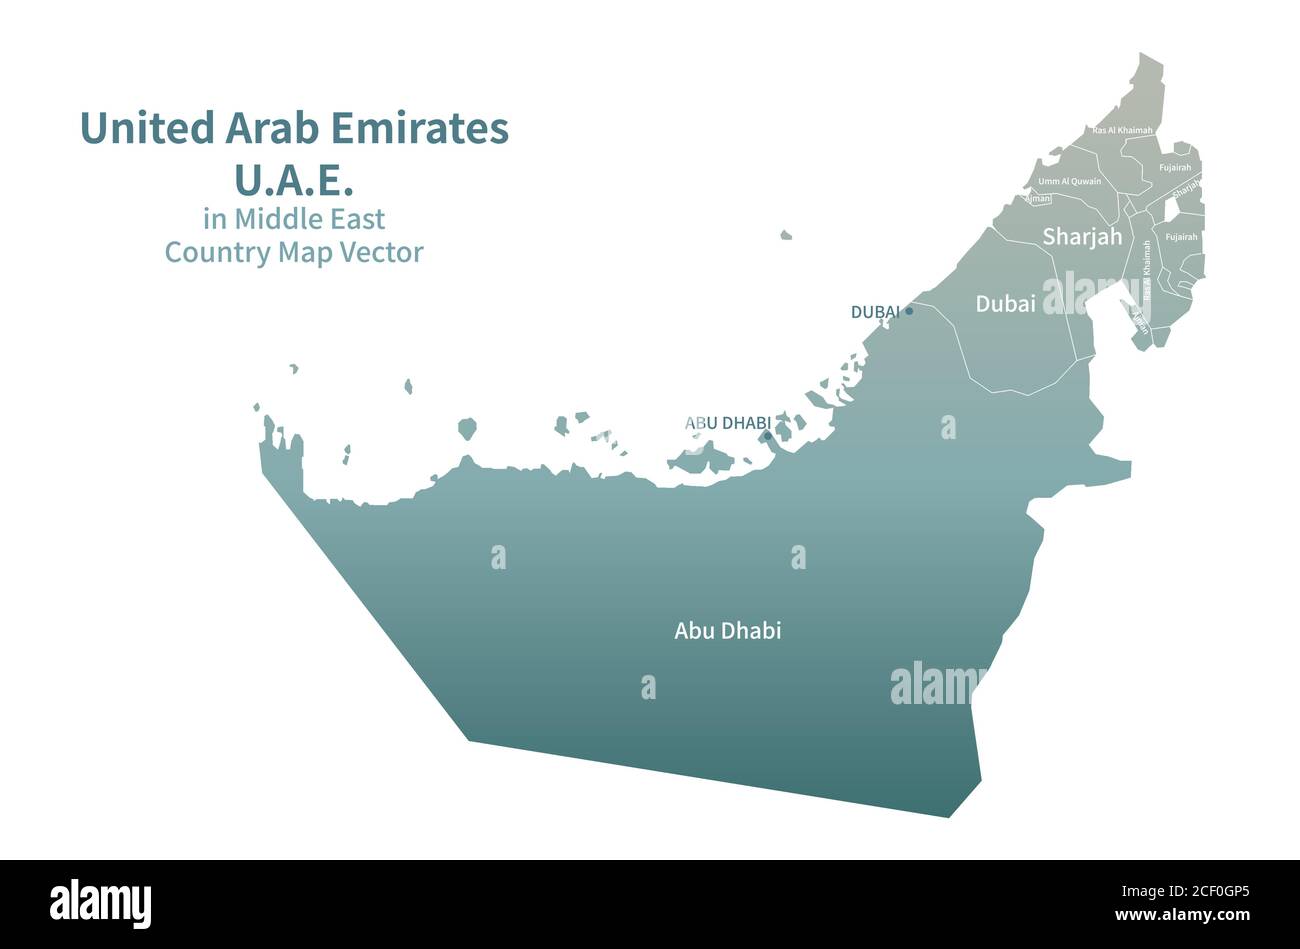 United Arab Emirates vector map. Middle East Country Map Green Series. Stock Vector
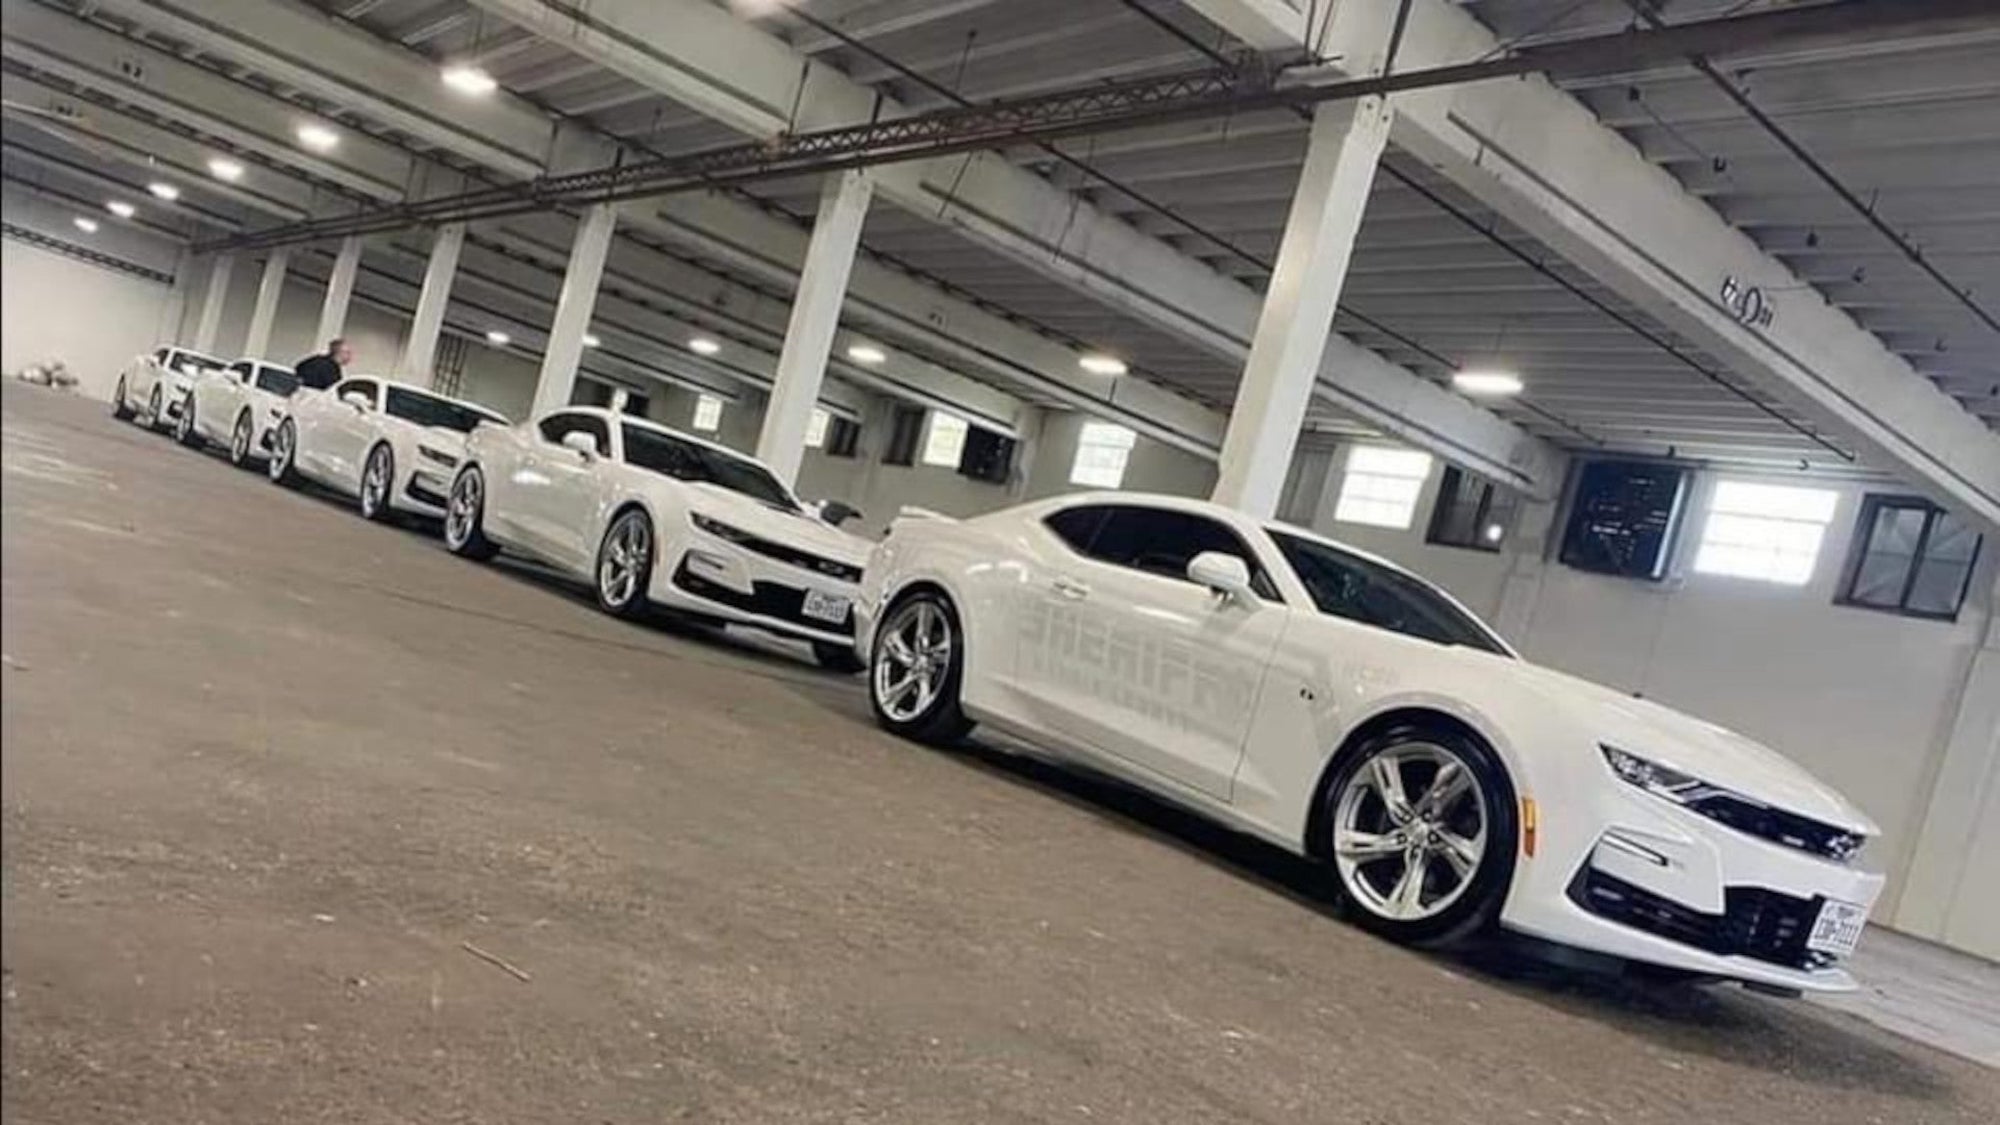 a Texas police department is now using these white on white "ghost" Chevy Camaros instead of more traditional undercover police cars.
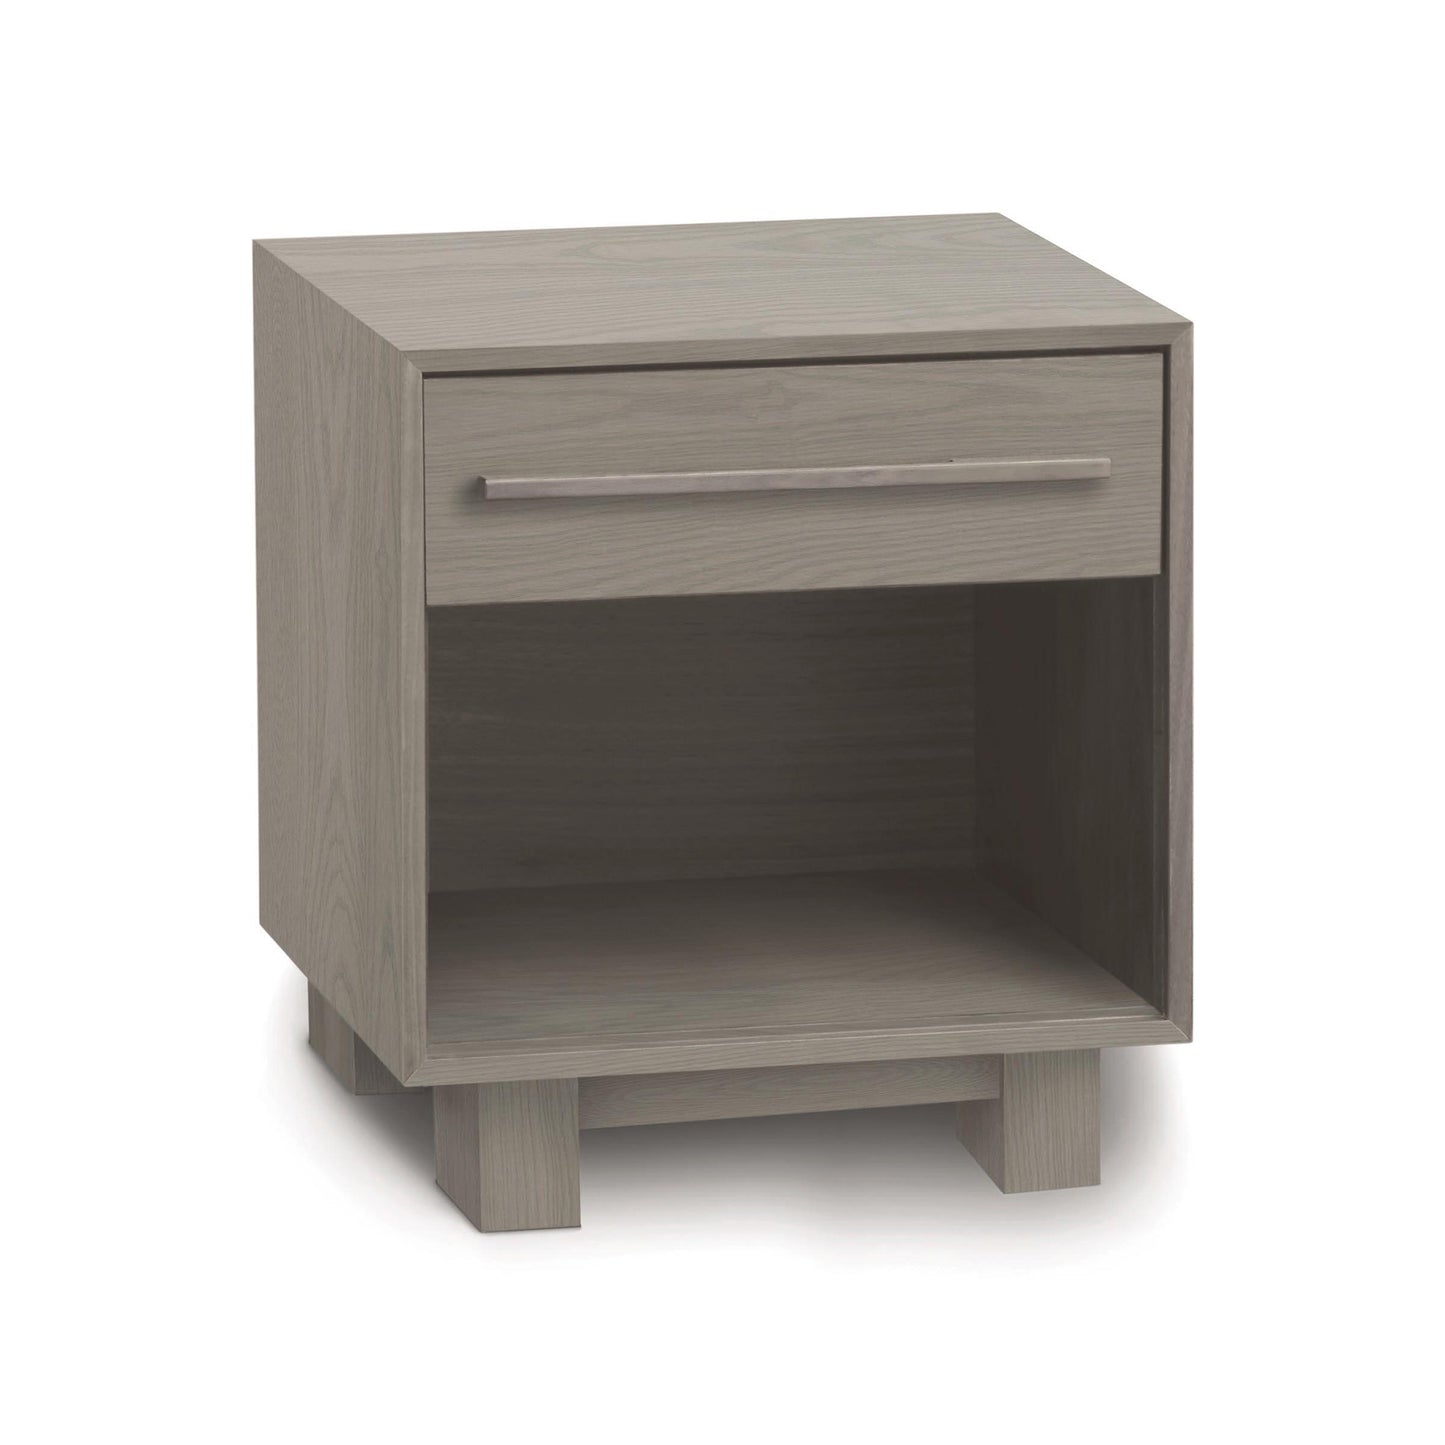 A modern, mid-century modern style Copeland Furniture Sloane 1-Drawer Nightstand in gray wood with one drawer and an open shelf, isolated on a white background.
----
§ TASK TO COMPLETE
Reproduce exactly, and only, the lines from the opening line of the listing above through the line holding "a Texas police", minus the pictures.

§ WRITTEN ANSWER
 United Arab Emirates vector map. Middle East Country Map Green Series. Stock Vector
 a Texas police department is now using these white on white "ghost" Chevy Camaros instead of more traditional undercover police cars.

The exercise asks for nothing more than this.